Хотя и не все попали в яблочко, но оказалось, что сорока пяти баллов достаточно было для того, чтобы получить выигрыш: или короткие плавки «тарзанки», последний писк моды, или пачку карамелек «Твист».
— «Твист» бери, — сказал Ваккарнагель.
Но плавки были в тигровую полоску, и я взял плавки и в ту же секунду поймал на себе взгляд Тани, которая снова сидела на своем стульчике, обтянув юбкой свои неотразимые острые коленки.
— Ты чё, не хочешь больше стрелять? — удивился Ваккарнагель.
— Денег нету.
— На. Но теперь бери «Твист»!
Еще одна монетка в пятьдесят эре легла на прилавок, а здоровяк, тоскливо вздохнув, снова подвинул ко мне мисочку со стрелами.
— Не налегать! — повторил он. И теперь он был неколебим.
— Ты чё, совсем, ему же не достать!
— Да ладно, — сказал я.
Ваккарнагель вынужден был сдаться, толпа примолкла. Я зарядил ружье, выгнул спину поудобнее, уперся левым локтем в бедро и снова настрелял сорок пять очков, под новый взрыв ликования, и теперь уж я взял пакетик «Твиста», который Ваккарнагель сразу у меня и конфисковал, чтобы одарить тех, кто этого заслуживал, а их сегодня оказалось на удивление много; что поделаешь, кураж обязывает.
— Глядь, ребя, как Финн его уделал опять. Молоток, а.

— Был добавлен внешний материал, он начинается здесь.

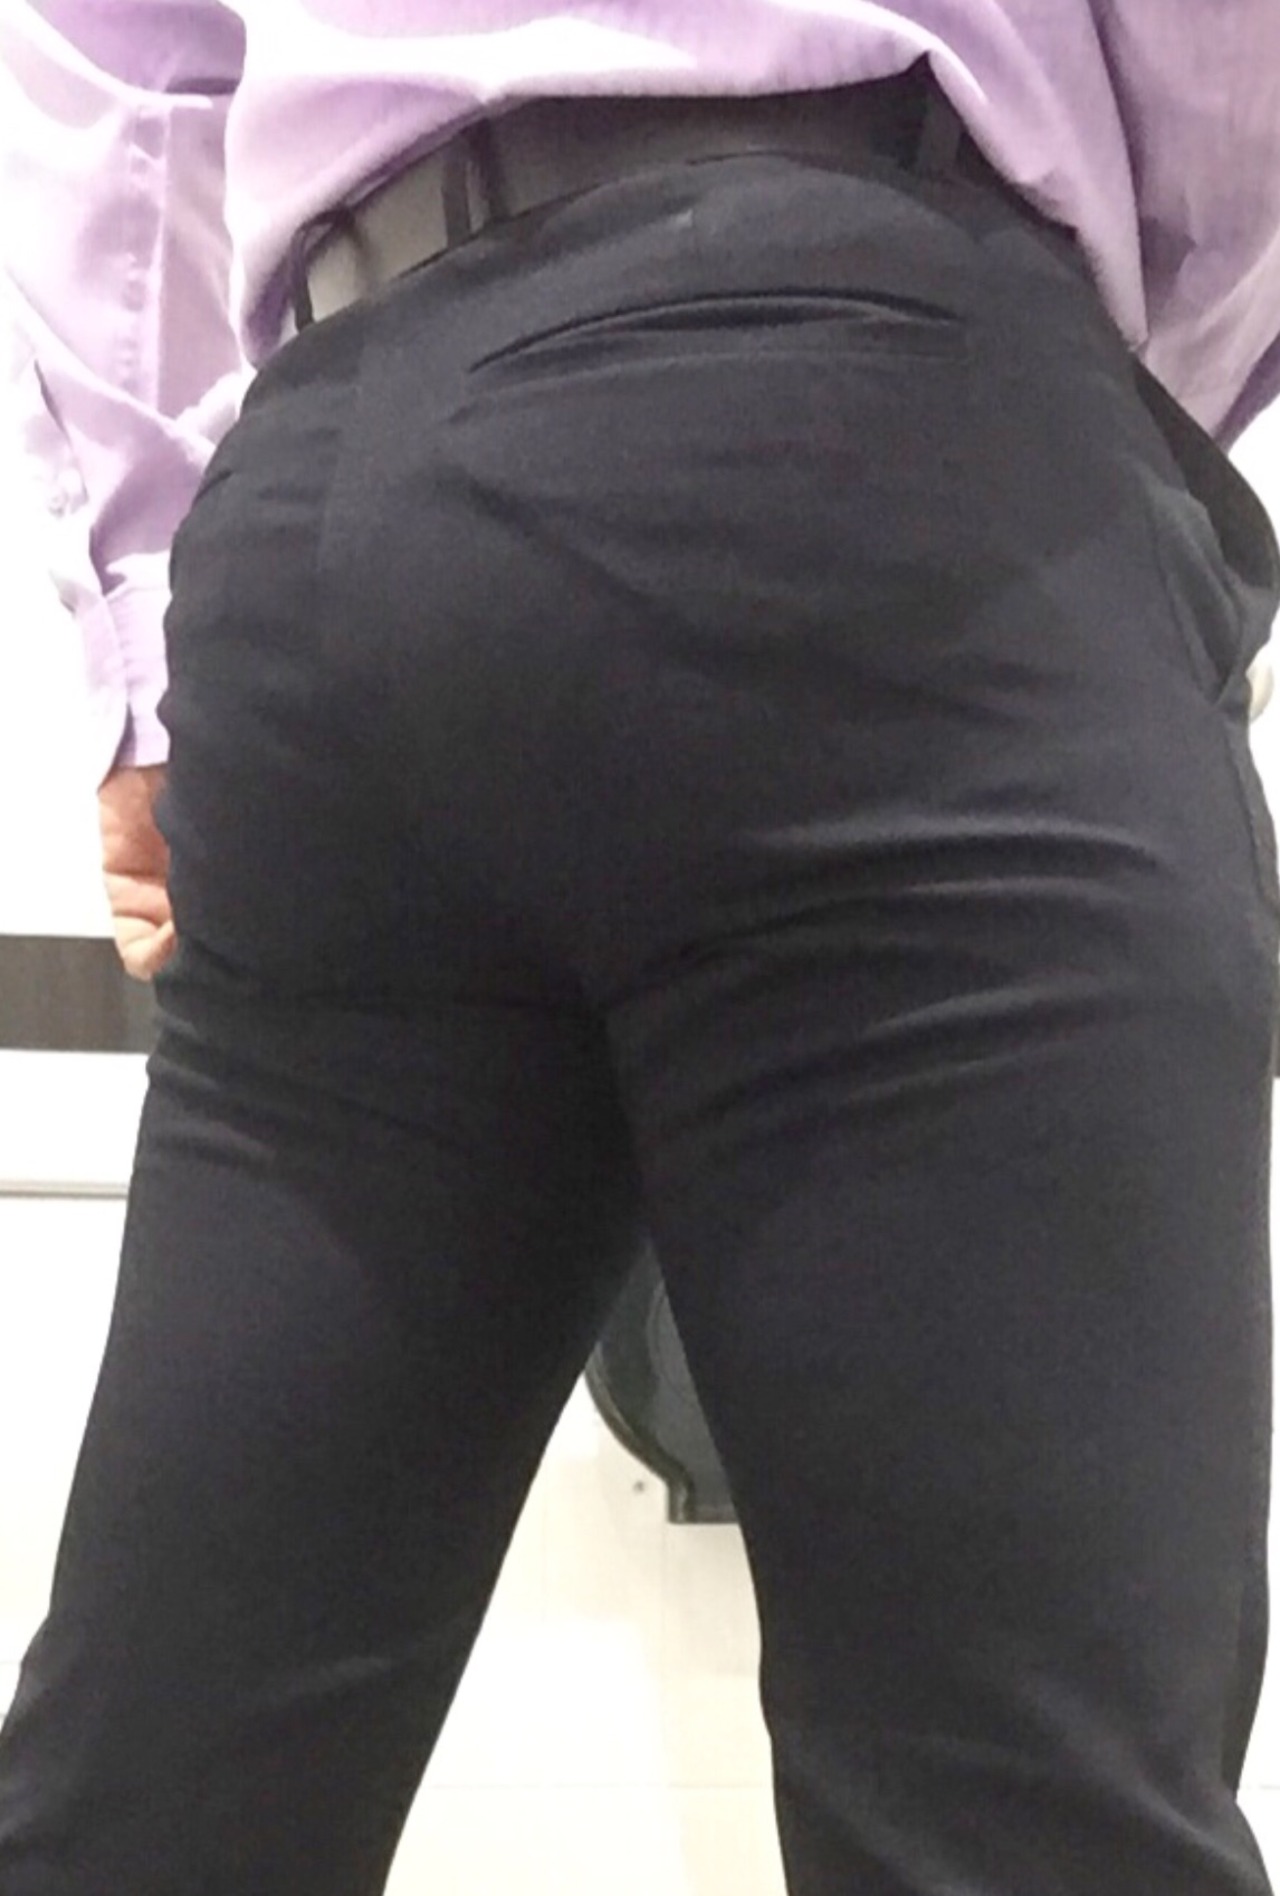 Hot butt

Еще пятьдесят эре звякнули о прилавок, блестящая такая денежка, — видать, на взлете своей монетной карьеры, — а это несомненный знак свыше, если смотреть сквозь микроскоп возбуждения: на норвежской пастушьей собаке был виден каждый волосок, пасть раскрыта в лае.
Но тут все как-то сошлось во мне: теплый взгляд из-под струящихся по лицу волос — Таня у комнаты ужасов; моя смехотворная попытка к бегству; вся эта осень, которая все-таки оказалась не лучше весны, возможно, из-за Кристиана; и, главное, великий деньрожденный праздник, который в данный момент правил бал в нашей квартире, но без меня.
Однако я не мог отвести глаз от самой верхней полки, где в ряд сидели не меньше шести замечательных плюшевых мишек — четыре розовых, один голубой и один желтый, из-за них-то я и ввязался в стрельбу; под мишками висела табличка с недостижимой суммой «48-50 ОЧКОВ», что означало, что если я сумею выбить три десятки и пару девяток, то смогу заполучить голубого медведя, подарить его Линде и решить все свои проблемы, пусть даже я при этом нарушу приказ Ваккарнагеля.
Но на такие издержки я готов был пойти. Близость Тани успокаивала меня, как раньше письмо к ней. Да и когда я первым выстрелом этой серии выбил десятку, то почувствовал себя еще увереннее. Следующие два выстрела тоже легли в цель. Но внезапно ступни моих ног превратились в мокрую глину, не желавшую меня держать: пришлось мне обе руки и ружье положить на прилавок, я ловил воздух ртом, голова шла кругом. Ваккарнагель наблюдал за мной с изумлением.
— Чего с тобой такое, а, Финн?
— Не знаю, — пробормотал я.
— Заткнитесь! — рявкнул он на собравшихся. — Финн готовится!
Можно и так сказать. Но факт тот, что мне пришлось опуститься на колени и ладонями упереться в глину. Однако сидение в этой невозможной скорченной позе вернуло мне силы, я с натугой поднялся на ноги и зарядил ружье — медленно, в трансе и в почтительной тишине; вскинул его и тут же выбил еще десятку, теперь уже не под крики ликования, а под громкий коллективный стон.
Где же мне набраться сил для последней мишени? У Тани, опять же; и еще только нажимая на курок, я знал, что попаду. И швед тоже знал: ровно перед тем, как стрела вонзилась в цель, он громко и четко произнес: чччерт.
— Пять пакетов! — возликовал Ваккарнагель, и несчастный хозяин уже начал отсчитывать пакетики с «Твистом», как мне поступил сигнал от Тани.
— Нет, — твердо сказал я. — Я хочу мишку. Голубого.
Наступила тишина.
— Чего-чего? — сказал Ваккарнагель.
— Да, — повторил я так же твердо. — Голубого.
Ваккарнагель огляделся. Но я чувствовал, что все идет как надо, и, как всегда гениально уловив общественный настрой, он изогнул свои губы в хищнической усмешке и похлопал меня по плечу.
— Ну и лады, забирай на фиг своего мишаню, Финн. Финнчик-говнинчик, — потише добавил он прямо мне в ухо и поднял вверх мою правую руку, как рефери на боксерском ринге.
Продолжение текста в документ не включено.